Una de las coordinadoras del emprendimiento es Lorena Miller, quien siente que las más de 50 familias están comprometidas y ante esta gran oportunidad que se les presenta.

“Comenzamos hace dos años con huertas orgánicas en Villa Bonita en lugares más chicos. Pero ahora tenemos la posibilidad de hacerlo en una chacra grande y pensando en el futuro, porque lo que emprendemos hoy dará sus frutos. Nos sobran las ganas de salir adelante con esta producción que nos generará un ingreso digno, no sólo para nuestras familias sino para otras más que se pueden sumar porque ahora podemos plantar y criar animales con una mayor extensión de tierra”.
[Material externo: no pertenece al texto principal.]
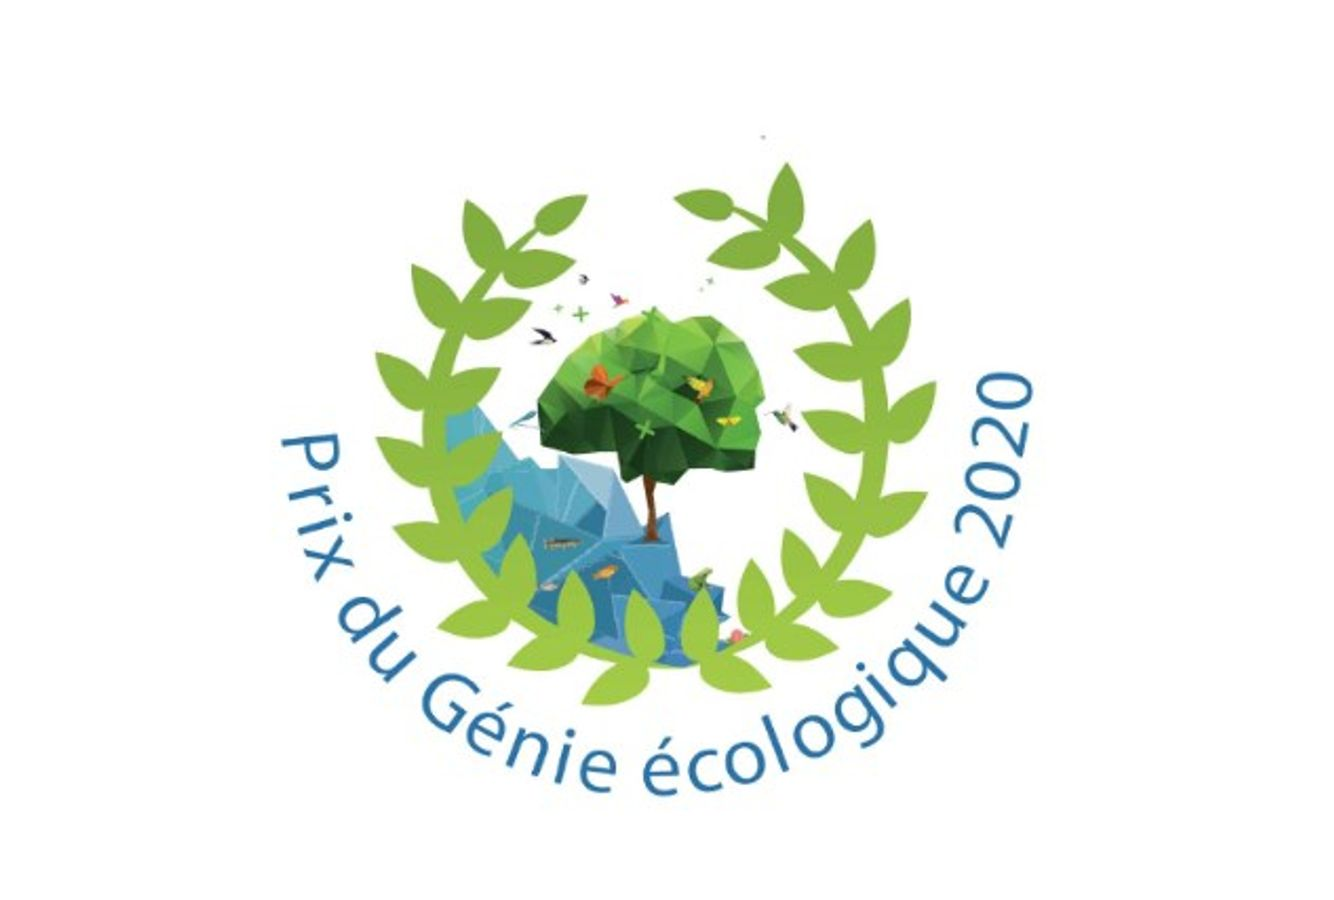 #ANB2020 - Le Génie écologique au service de la Biodiversité. Présentation et Echanges autours des projets Lauréats du prix Génie Ecologique

Actualmente se organizan en grupos de 10 personas de lunes a sábados. “Pero como también estamos criando pollos y cerdos, está planeado que será un trabajo de lunes a lunes. En el medio limpiamos y sembramos. La idea es seguir creciendo y las familias que se quieran incorporar son bienvenidas, porque sabemos que la situación es crítica, y que cuanto más nos esforcemos, los beneficios serán para todas y todos los que trabajamos”.

Producción para consumir y comercializar

La joven hizo hincapié en que este emprendimiento les permite a todos y todas tener un oficio y vivir dignamente, convencidas de que el trabajo es la mejor política social.

“Con la huerta no sólo aprendemos un modo de trabajar; además podemos consumir y comercializar. Nos compran los kioscos y los mercados de Oberá y Villa Bonita, y contamos con producción para responder. No recibimos ninguna ayuda del Municipio de Campo Ramón, ni de Oberá ni de Alem. Nos da una mano el diputado Sereno que está desde cuando arrancamos y no nos deja solos. Le agradecemos a él como referente del PAyS y del Evita, y a los compañeros y compañeras comprometidas con este proyecto”, señala Lorena.

Trabajo cooperativo y solidario

Otra de las trabajadoras, Miriam Michalski, habla de sueños y esperanza. “Empezamos con una huerta comunitaria, después surgió lo de la chacra con mucha extensión de tierra, y decidimos sacar adelante la plantación, y la crianza de animales. Entre todas nos dividimos las tareas y estamos orgullosas de obtener un sustento diario para las familias de la agrupación”, expresó.

Todavía les faltan algunas herramientas como azadas y machetes porque hay mucho para hacer en ese predio. “Siempre estamos atentas a lo que se necesita porque es una manera de avanzar. Queremos un vehículo para trasladar los productos, y también a los compañeros y compañeras que viven lejos y se les dificulta viajar”.

Entre todos se ayudan, y algunos recurren a la venta de pastelitos para sumar dinero para el futuro móvil. “El esfuerzo es colectivo para que la producción crezca con el trabajo que hacemos con mucho compromiso”, afirmó Miriam.